The Model Convention contains a section outlining comments on Article 5 "Permanent Establishment." Specifically:
35. For a place of business to constitute a permanent establishment, the enterprise that uses it must carry out its business activities wholly or partly through it. As noted in paragraph 3 above, the activity need not be of a productive character. Moreover, this activity need not be continuous, in the sense that operations must be carried out on a regular basis.
101. If an enterprise of a Contracting State carries on business through an independent agent acting in the ordinary course of his business, it should not be taxed in the other Contracting State concerning these business dealings if the agent acts in the ordinary course of his business (see paragraph 83). The activities of such an agent, representing a separate and independent enterprise, should not lead to the conclusion that there is a permanent establishment of the foreign enterprise.

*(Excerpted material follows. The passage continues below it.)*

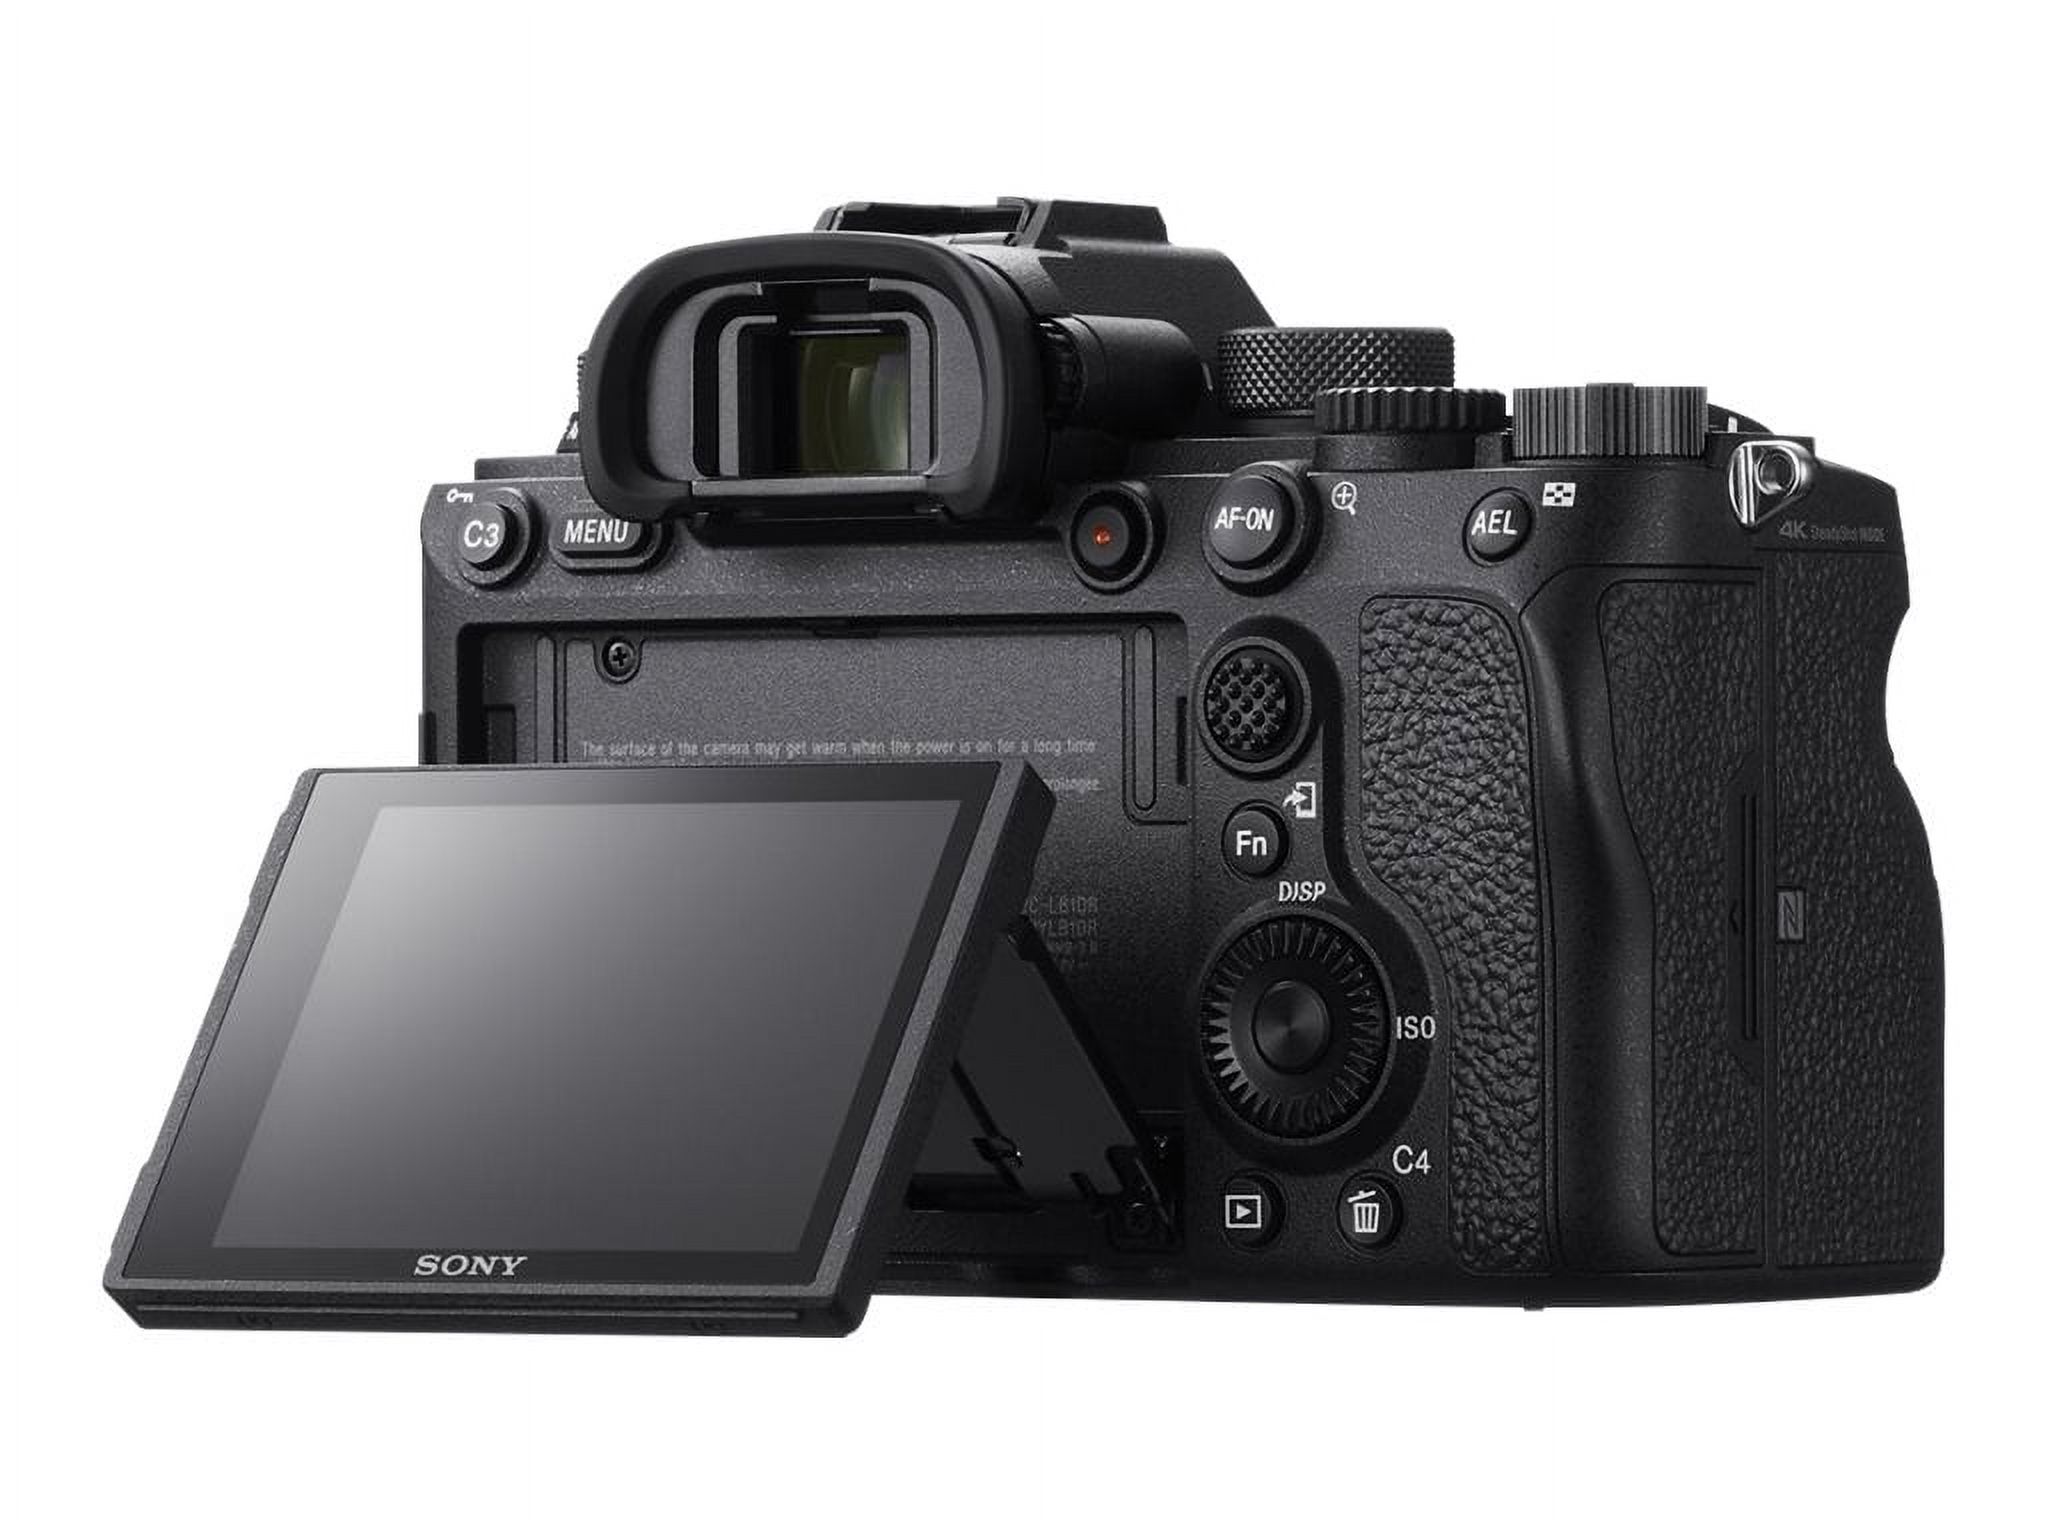 Sony a9 II ILCE-9M2 - Digital camera - mirrorless - 24.2 MP - Full Frame - 4K / 30 fps - body only - NFC, Wi-Fi, Bluetooth - black - image 3 of 14

Thus, based on the comments contained in the Model Convention, we believe that the Lithuanian freight forwarder, conducting its regular business activities, cannot be recognized as a permanent establishment of the Company in Lithuania, and such activities of the Company do not lead to the formation of a permanent establishment of the Company in Lithuania.
According to Paragraph 1 of Article 7 of the Convention,
the profits of an enterprise of a Contracting State shall be taxable only in that State unless the enterprise carries on or has carried on business in the other Contracting State through a permanent establishment situated therein. If the enterprise carries on business as mentioned above, the profits of the enterprise may be taxed in the other State but only to the extent that they are attributable to that permanent establishment.
Therefore, the Company's income is taxable only within the territory of the Republic of Kazakhstan.